# When to feed adult food?



## scooch (Sep 18, 2008)

Lucky is 8 months..will be 9 this month...when do i ween him to adult food? 

Thank you everyone!


----------



## Bonnie's Mommie (Mar 2, 2006)

I waited until Bonnie was a full year (per my vet), but I know that some people have switched at around 8-9 months. Maybe ask your vet, as they know your puppy personally.


----------



## jmm (Nov 23, 2004)

I no longer do puppy food. Once they're settled at home, I switch to adult.


----------



## 3Maltmom (May 23, 2005)

With so many little ones (from ALL ages) coming in, and out of my house, I feed an "All Stage" diet.

I've never had a problem with this.


----------



## LJSquishy (Feb 27, 2008)

I kept London on puppy food until she was between 10 & 12 months old.
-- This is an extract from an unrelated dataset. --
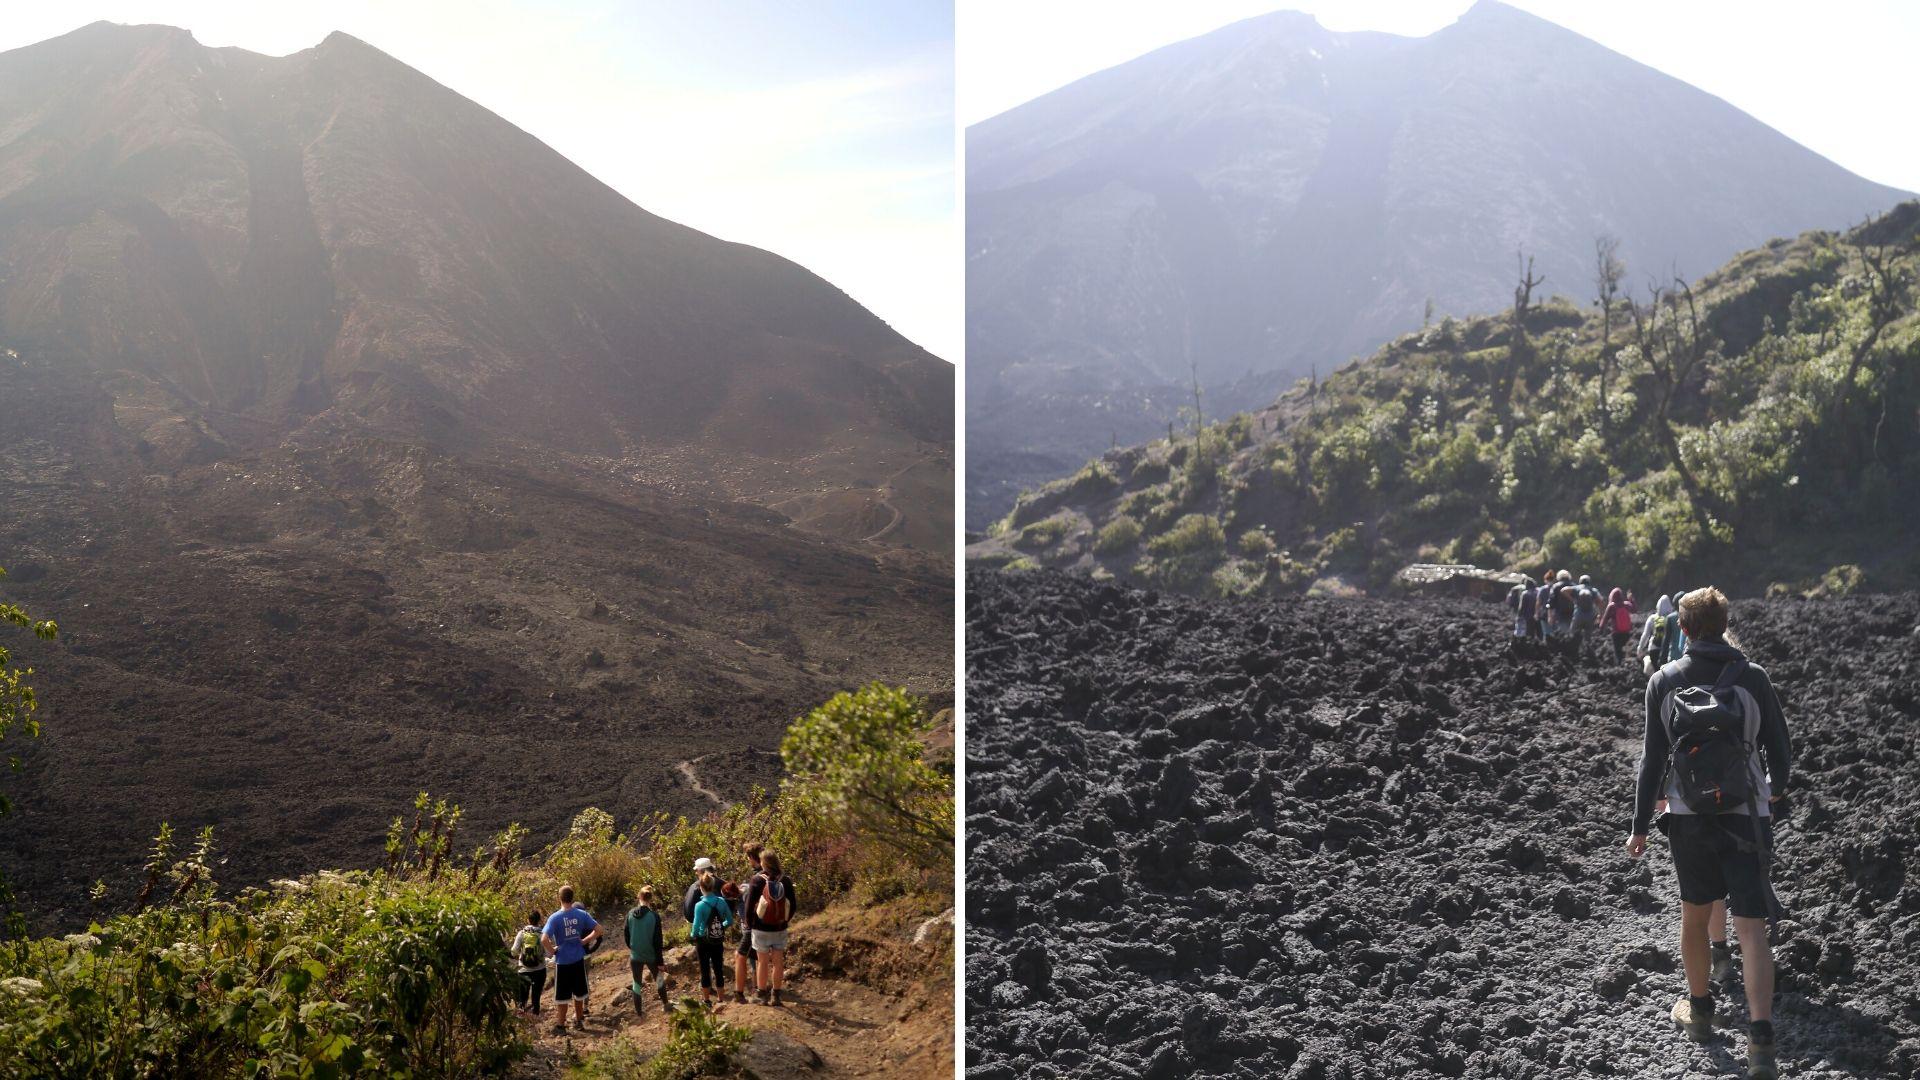 Guatemala ascension volcan Pacaya infos pratiques
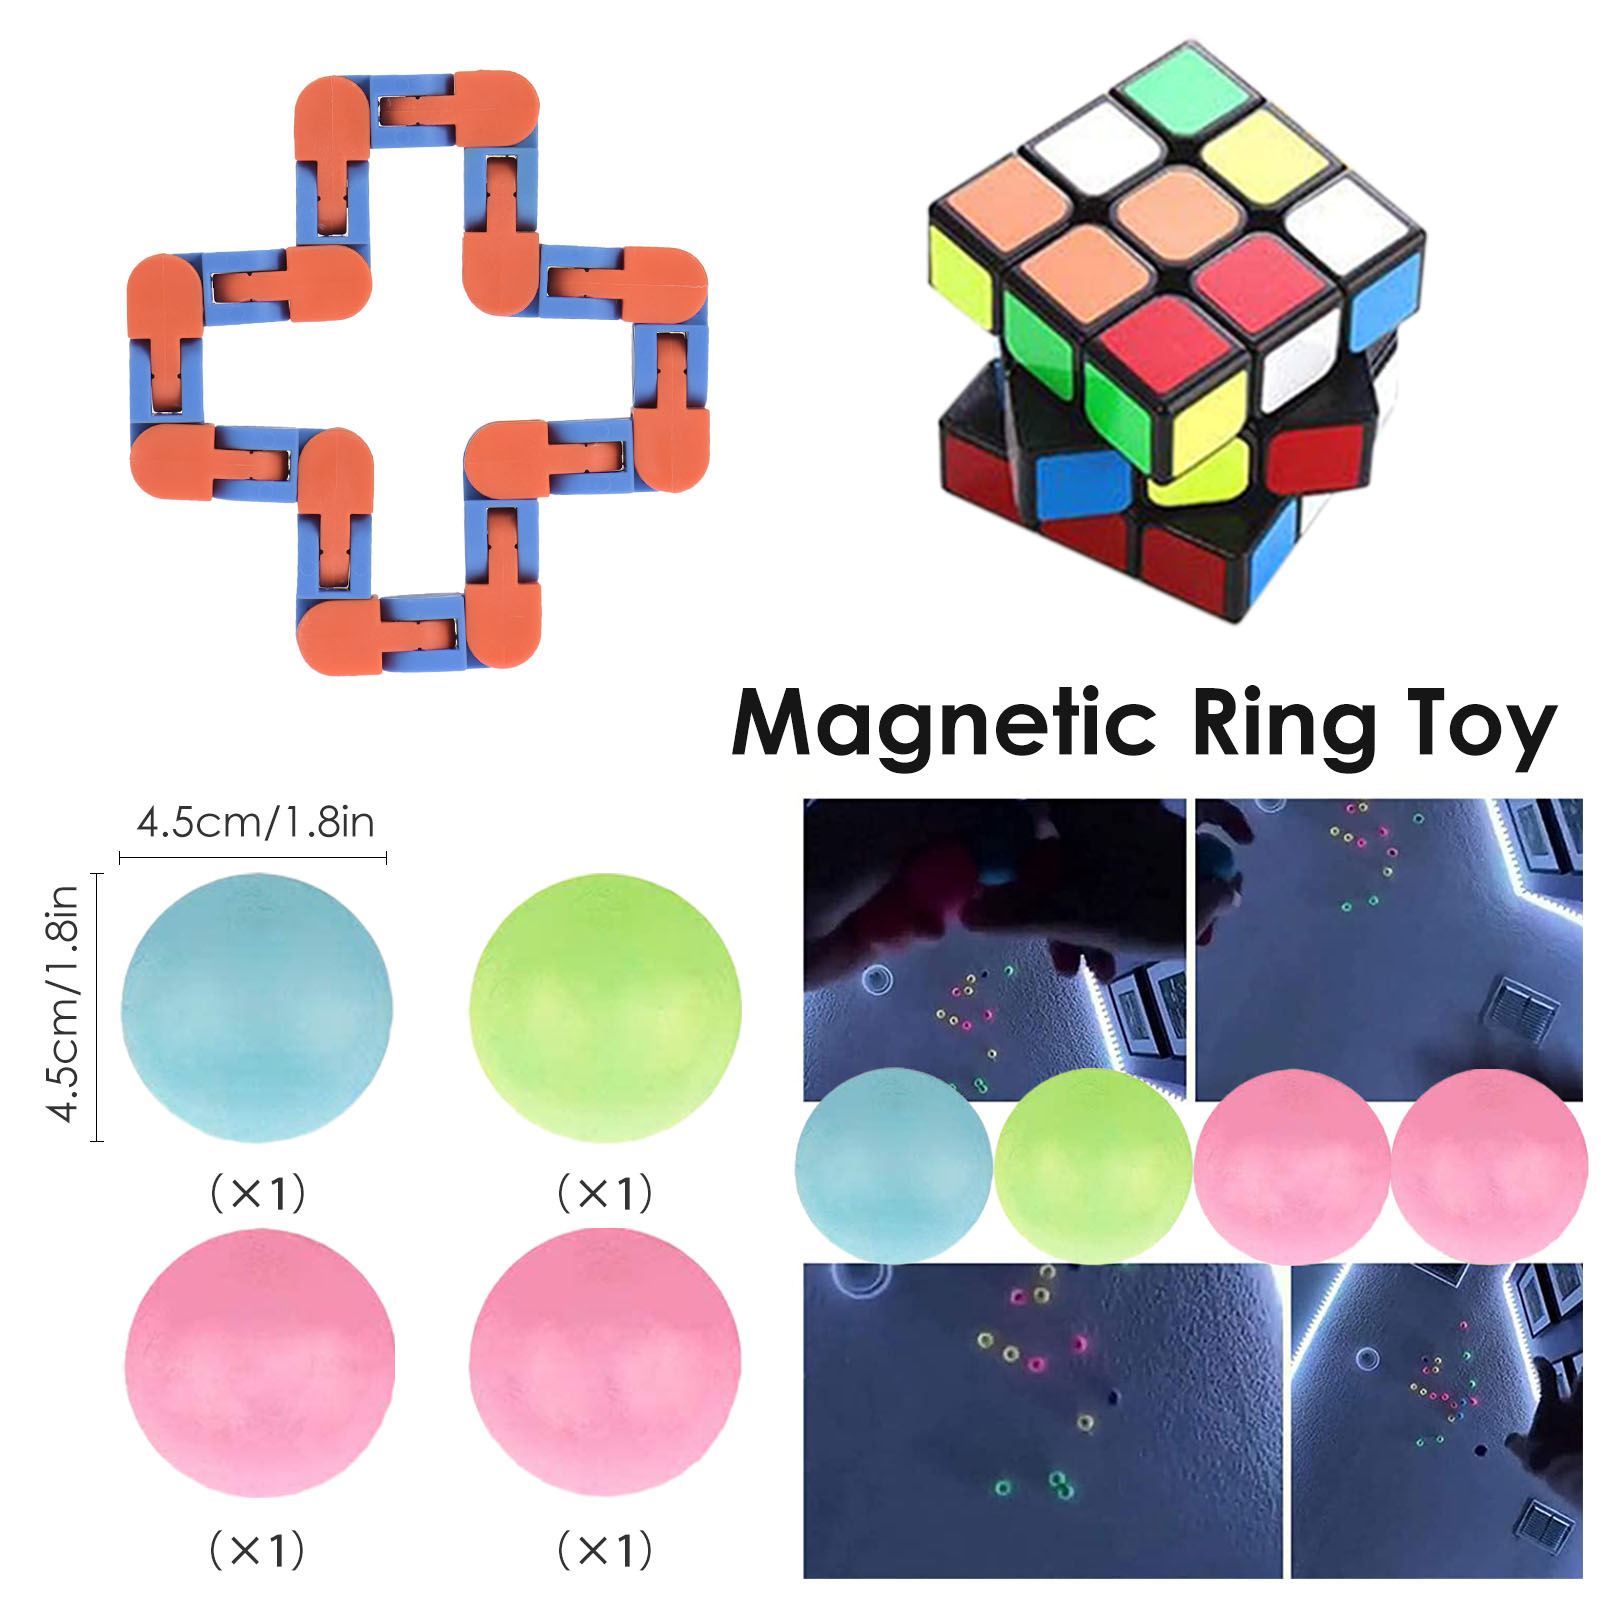 Fidget Toys Anti Stress Toy Set Stretchy Strings Mesh Marble Fidget Toys Set 28PCS Stress Anxiety Relief Sensory Toy enlarge

I'm not sure it really matters that much, it's just what I decided would work well for us.


----------



## widgeon (Apr 23, 2007)

Mine are all two years old and I still mix some puppy kibble in with their regular kibble. They are so active that my vet and I do not see a problem with it. When they slow down and are not as active, I will remove it.


----------



## jodublin (Sep 27, 2006)

i switched at 9 mnths ..feeding twice a day


----------